Through a complex mechanism, vitamin D enhances immunity by inducing antimicrobial peptides in neutrophils, epithelial cells, and macrophages (8). Vitamin D modulates systemic inflammatory response and locally controls pathogens by helping to inhibit or kill some bacterial strains. Direct invasion of pathogenic bacteria is prevented by vitamin D through enhancing the clearance of these infecting organisms at sites such as respiratory system (9).

However, information about the association between vitamin D deficiency and the occurrence of sepsis in neonates is still inconclusive. Neonatal sepsis indicates bacteremia and its related clinical signs and symptoms within the first month of birth and is an important cause of neonatal mortality. Since the immune system in neonates is not fully matured (10), they are susceptible to developing infections (11-13). Sepsis occurs among 1 to 8 neonates out of 1000 live births. Worldwide, one million neonates die annually due to sepsis (14). Neonatal sepsis is divided into two types based on its timing: early-onset sepsis (EOS) happens within the first seven days of birth, and late-onset sepsis (LOS) happens between the 8th day and the 28th day of birth. Early-onset sepsis is usually caused by microorganisms acquired from the mother. The risks for developing EOS include prematurity, low birth weight, prolonged labor, prenatal asphyxia, pre-mature rupture of amniotic membrane, foul smelling amniotic fluid, or the presence of meconium (11). Another study showed neonates born to mothers with low vitamin D levels and neonates with low cord vitamin D levels were at risk for neonatal sepsis (15).

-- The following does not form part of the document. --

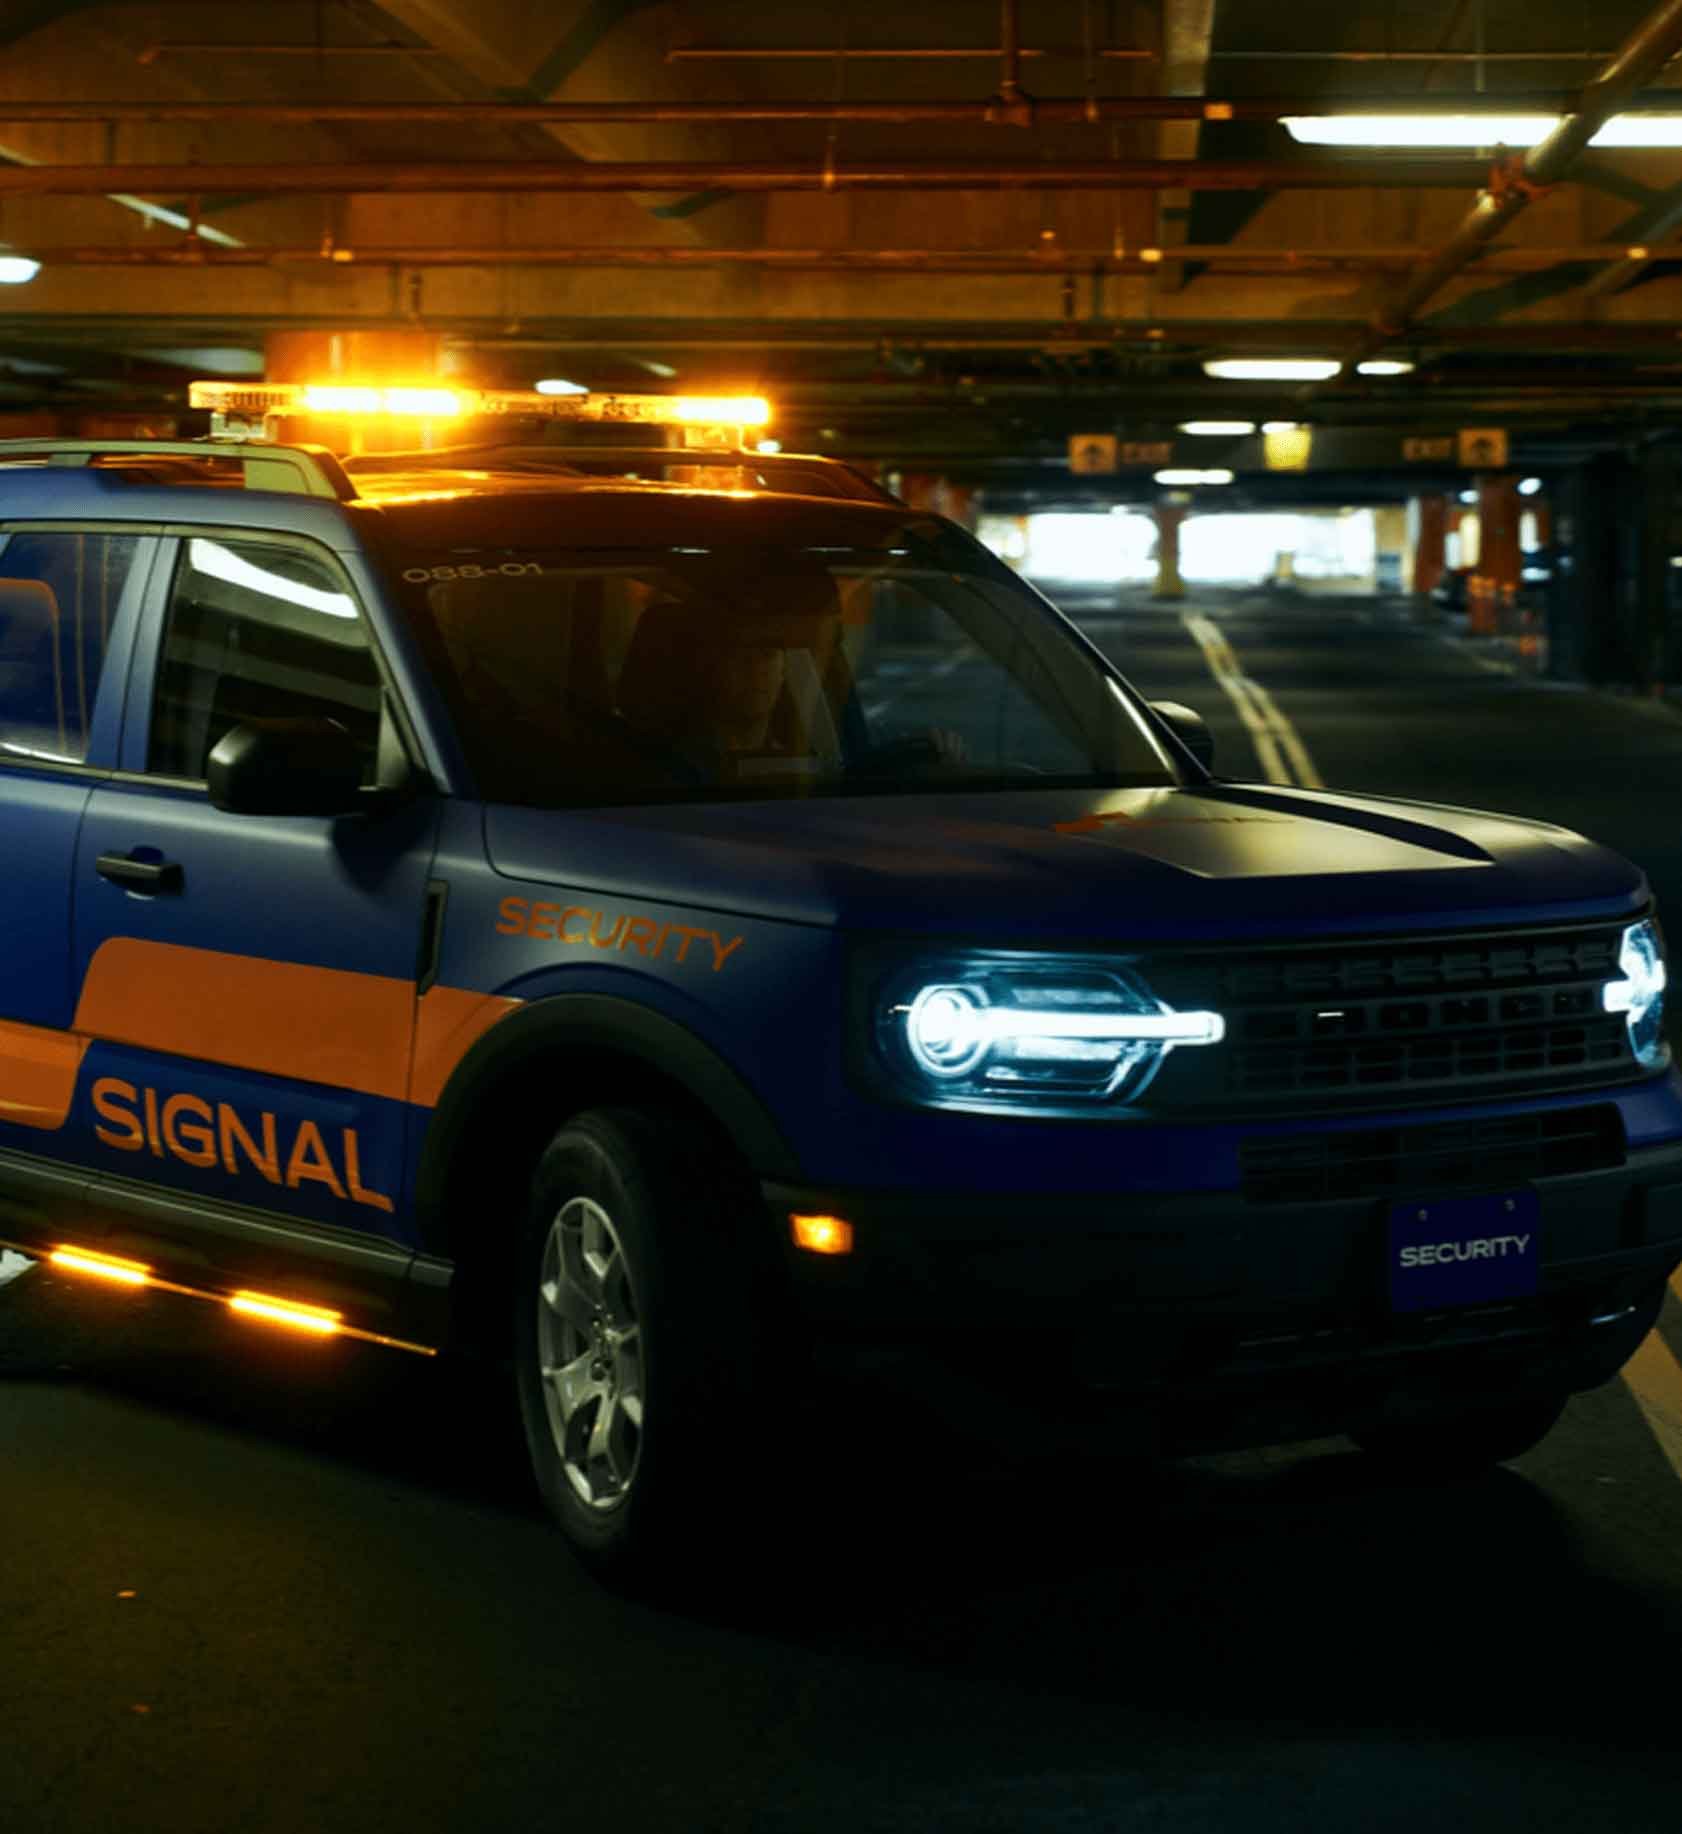 Signal company vehicle with its lights on in a dark parking garage
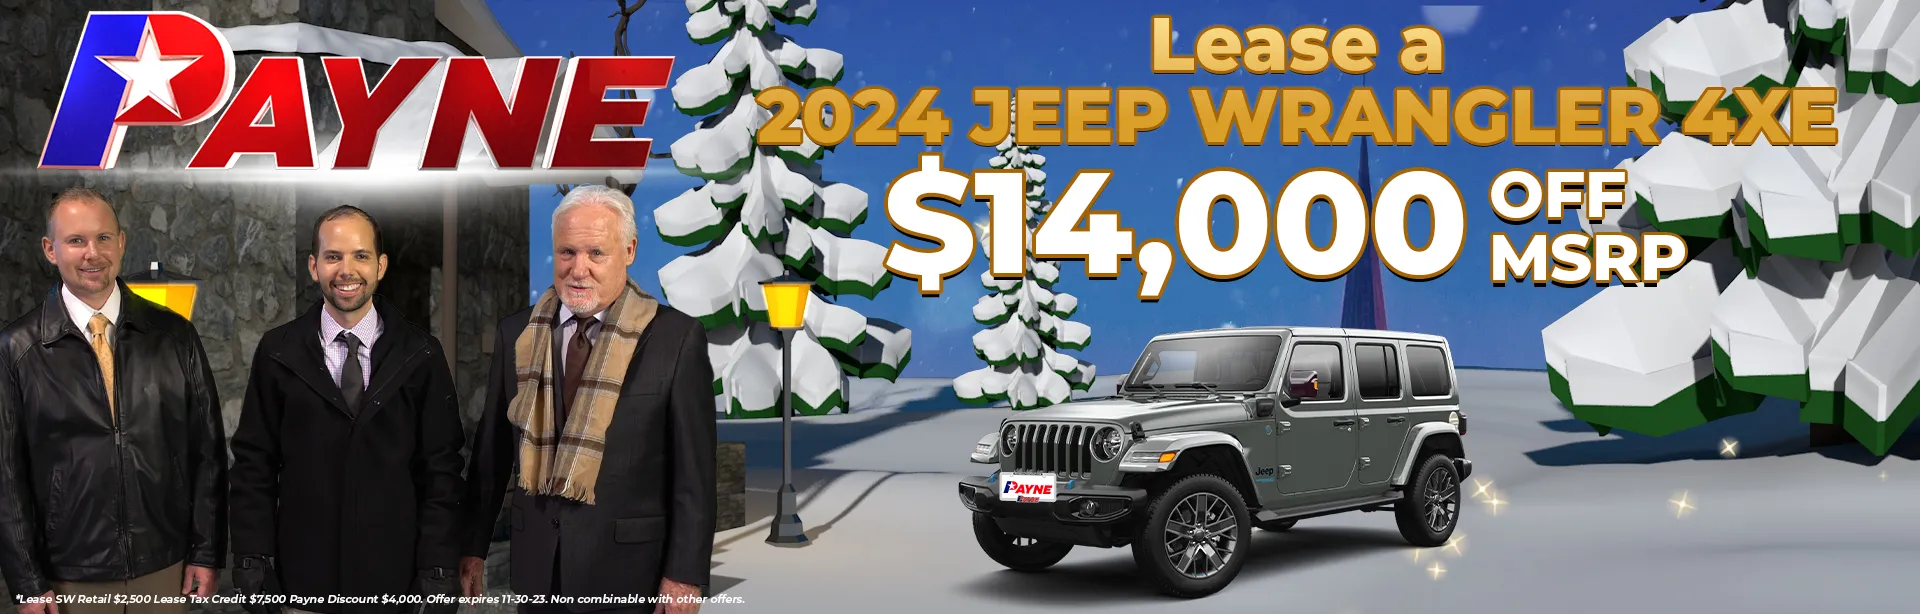 2024 Jeep Wrangler 4xe lease $14,000 Off MSRP

Neonatal sepsis may leave long-term negative health effects for the child; thus, identifying the associated risk factors and implementing prevention measures may reduce the occurrence of sepsis and its side effects, utilization of NICUs and the associated costs, and separation of mothers and their neonates.

2. Objectives

Due to the role of vitamin D in strengthening the immune system and the high mortality rate among neonates who develop sepsis, this research aimed to evaluate the possible association between serum vitamin D levels in pregnant mothers and their neonates and the incidence of EOS. Also, the association between maternal and neonatal serum vitamin D levels was evaluated.

3. Methods

This prospective case-control observational study included 50 term or late pre-term neonates (≥ 34 - 37 < weeks) who were diagnosed with early-onset neonatal sepsis and were consecutively admitted to NICU in Taleghani Hospital, Tehran, Iran from July to December 2019. The control group included 50 healthy neonates matched for gestational age range (< 37 or ≥ 37 week) and sex from our outpatient clinic. We matched neonates younger than 37 GA weeks in the case and control groups, and then we matched neonates with GA equal or more than 37 weeks from the case and control groups. The criteria for diagnosing EOS included (16) any or a combination of the following clinical signs: respiratory signs (distress, apnea, tachypnea, and hypoxemia), cardiovascular signs (tachycardia and bradycardia), hemodynamic signs (change in skin color, tissue hypoperfusion, and hypotension), neurological signs (irritability, lethargy, hypotonia, low activity, and convulsion), gastrointestinal system signs (poor feeding, abdominal distension (17), and not tolerating the feed), changes in body temperature (fever over 38 Celsius degrees or over 100.4F and hypothermia lower than 36 Celsius degrees or less than 96.8F), or metabolic signs (acidosis or hyperglycemia). The following tests were performed for the neonates diagnosed with EOS: complete blood count, C-reactive protein, blood type, serum vitamin D level, and blood culture. Chest X ray, and in some cases, cerebrospinal fluid analysis and culture were examined. Serum vitamin D levels for the case and control groups were measured. Serum vitamin D level and clinical history for all the mothers were collected.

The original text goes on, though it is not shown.